It wasn't too long ago Apple was a mere blip in a Windows-dominated world. At least its modest market share meant they flew under the radar among most cybercriminals.

But now that Macs are hot again we're hearing more about malware attacks. And with Apple's monstrously successful iPhone and iPad product lines there's a growing concern these iOS devices could also be an obvious target by tech-savvy thieves -- and pose a threat to the entire corporate network.

Before allowing these devices into the organization, IT must educate employees to the risks, use tools to safeguard company data and develop policies that can reduce the odds of a security breach.

Or do you ban consumer devices altogether?

"Your company should not develop policies that excludes iOS devices," says Kevin Sterneckert, Research VP at the Stamford, Conn.-based Gartner research and consulting group. "Your employees are going to use these devices with or without permission – and with the latter, it could expose your network to major security breaches." "In other words, don't adopt a stick-your-head-in-the-sand strategy."

In fact, allowing users to choose the device they want has its benefits. "It could be less expensive for the company if they're not paying for device," adds Sterneckert, "so we're seeing more of a 'you bring the device and we'll provide the service' kind of scenario in the workplace today."

Sterneckert says there are different approaches to protecting mobile devices on the network, but there are three minimum "behaviors" every company should adopt:

• A four-digit PIN (passcode) on the iPhone and iPad, plus an "auto-wipe" option that deletes data after a few incorrect login attempts.

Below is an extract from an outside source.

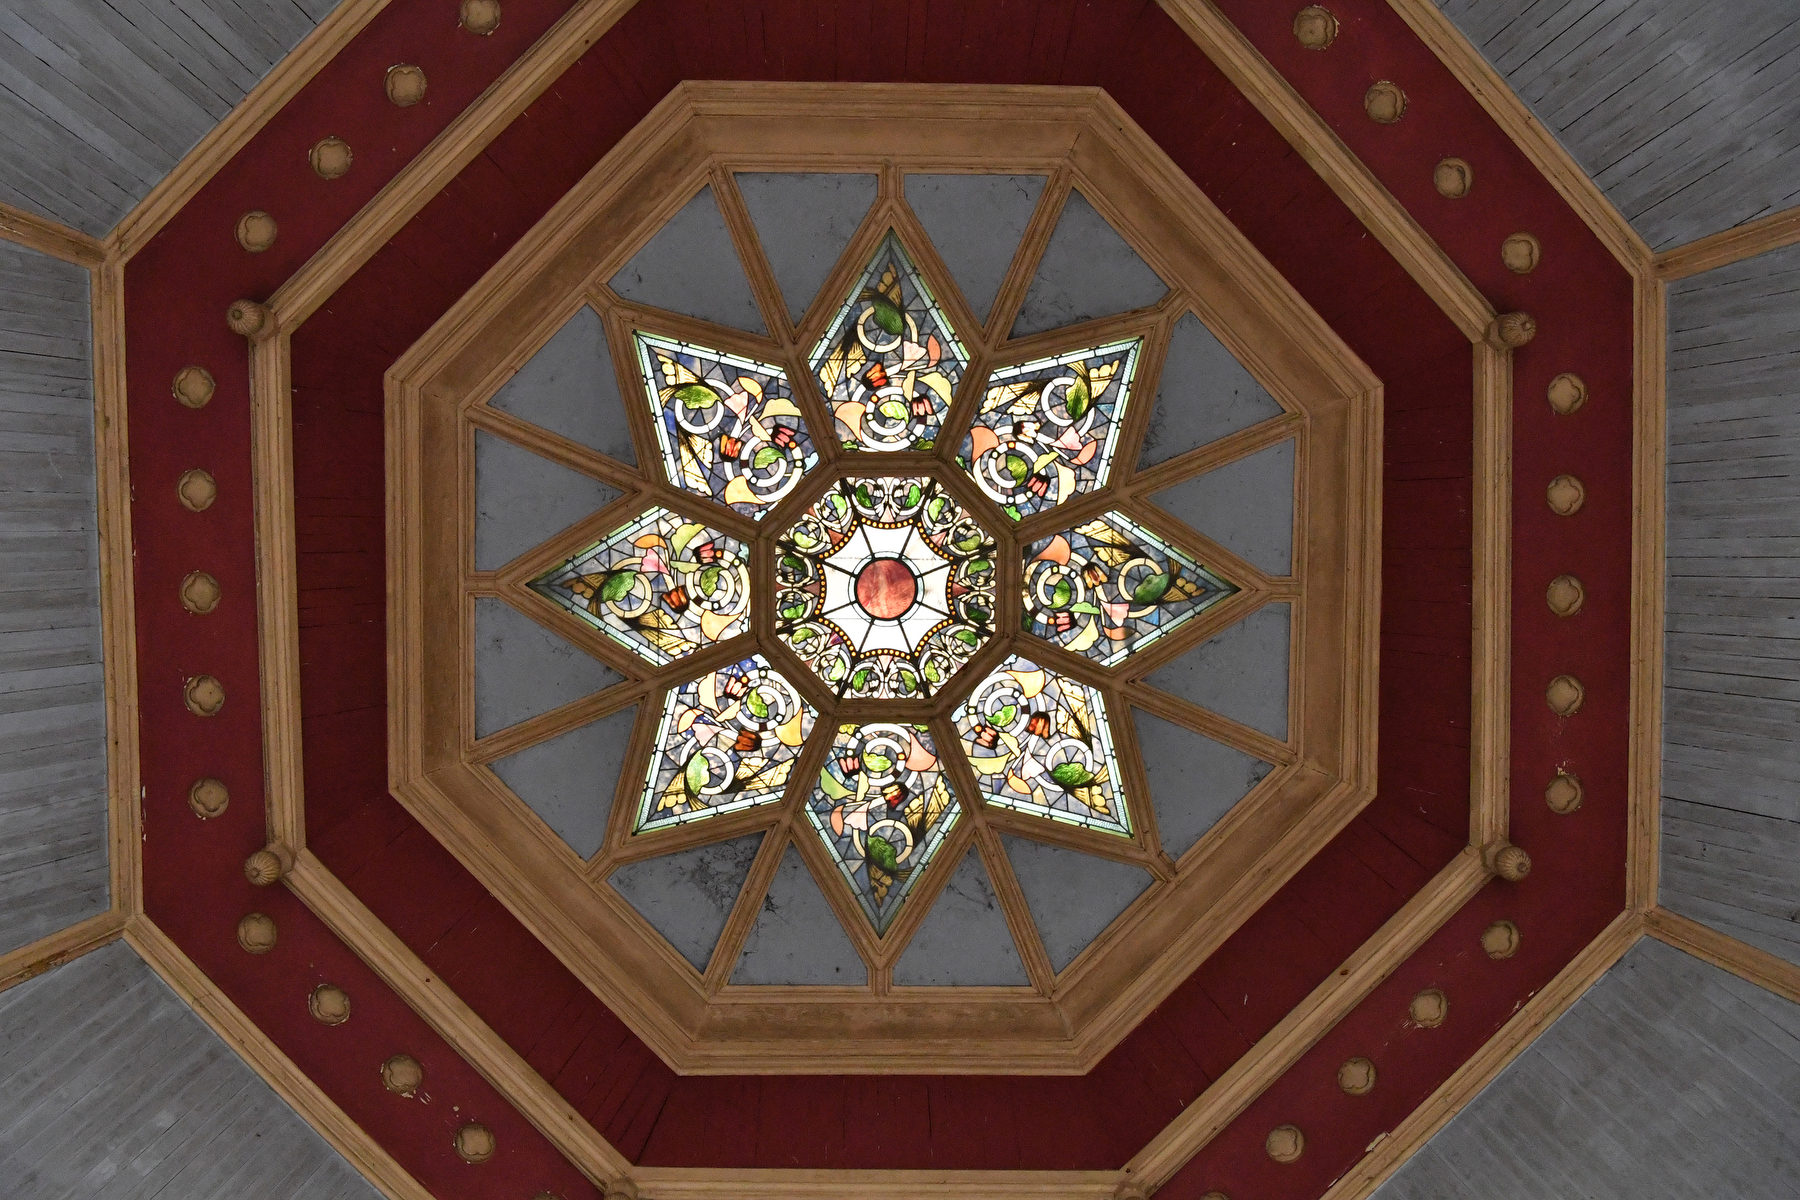 The pavilion’s stained glass roof. Photo: Paul Matinka

• Encrypted back-up on the local workstation the iOS device is connected to. "This will protect and secure all data on the device," says Sterneckert.

• Ensure the "Find My iPhone" service (free) is enabled, so a lost or stolen device can be located remotely and/or wiped clean.

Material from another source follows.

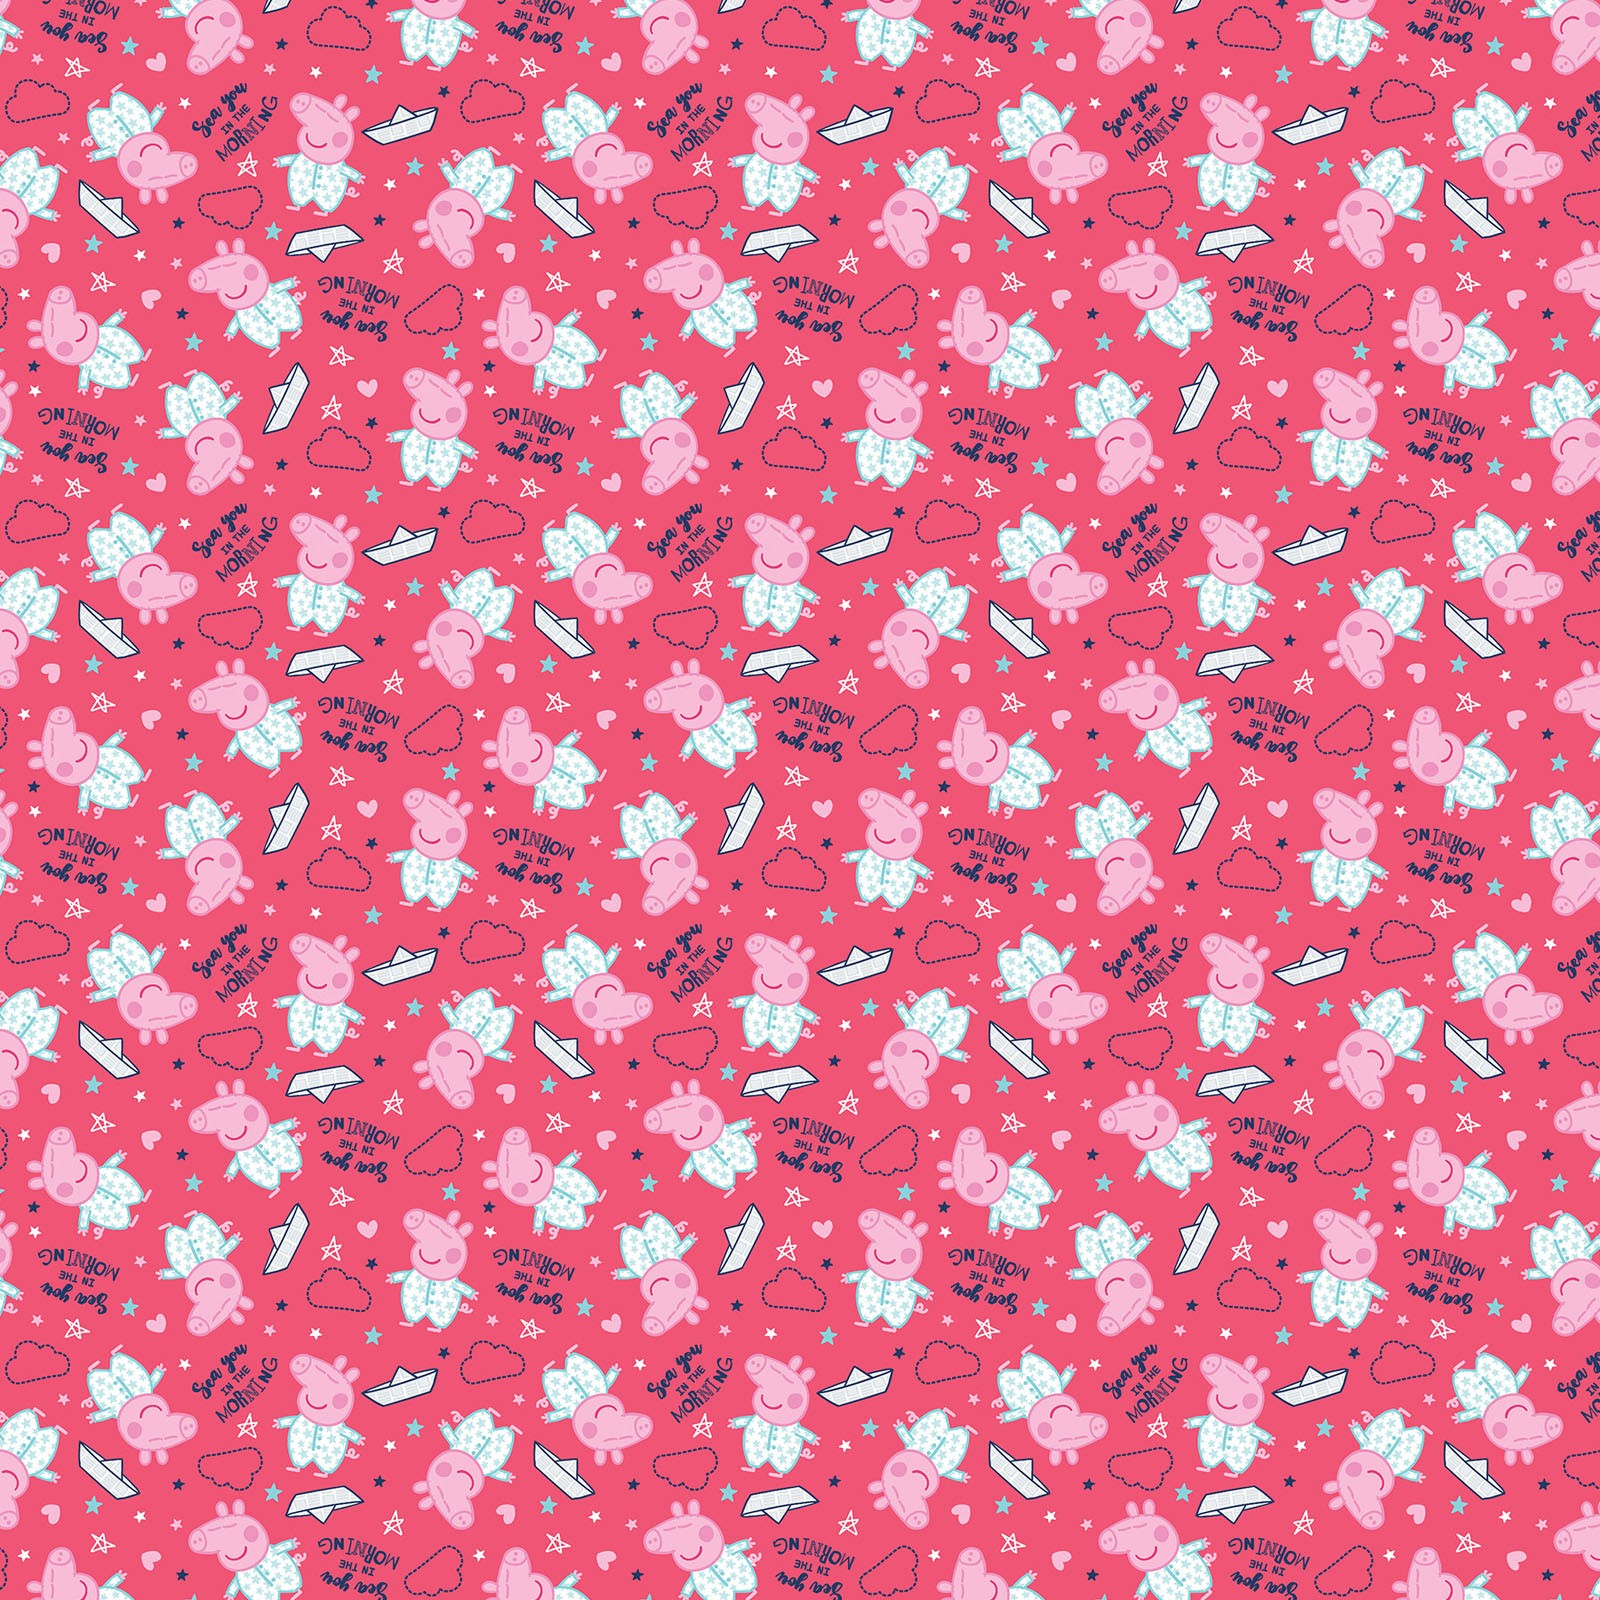 Peppa Pig Sea You in the Morning Fabric

Microsoft Exchange ActiveSync is also recommended for email. "The challenge is to make sure you put the right guardrails around environments, like email and web use, that include the right permissions, certificates and keys," says Sterneckert. "Apple has done a great job at that."

IT departments should also create policies based on the company's needs and/or industry's regulations. Make sure people understand their importance and why they're in place. For example, it's possible to limit the downloading of applications ("apps") from iTunes, disable the iPhone or iPad's cameras or curb corporate Wi-Fi use for personal reasons.

SMBs not doing enough?

It is incumbent upon businesses to develop these policies, but it's not yet highly prevalent in the small-to-midsized business space, says Tim Bajarin, president of Creative Strategies, a Campbell, Calif.-based firm that provides industry analysis for the tech sector.

"Less than half of small businesses have formal IT policies in place," estimates Bajarin. "Even when they do, they struggle to enforce them given the mix of corporate and employee-owned devices across multiple platforms and device categories -- although there's policy management features available through mobile email servers."

At a minimum, companies should create policy rules and give them to employees, advises Bajarin. "Offer periodic reminders as well as education on security risk." "These policies should also encompass use of employee-owned devices to access company data -- things like mandatory password use, reporting lost/stolen devices or data and avoidance of removable storage are the bare bones minimum."

Mobile device management (MDM) software can help enforce these, as well as more advanced policies.

As smartphone and tablet adoption continues to increase, there is more of an "addressable market" for phishing and hacking of each platform, cautions Bajarin.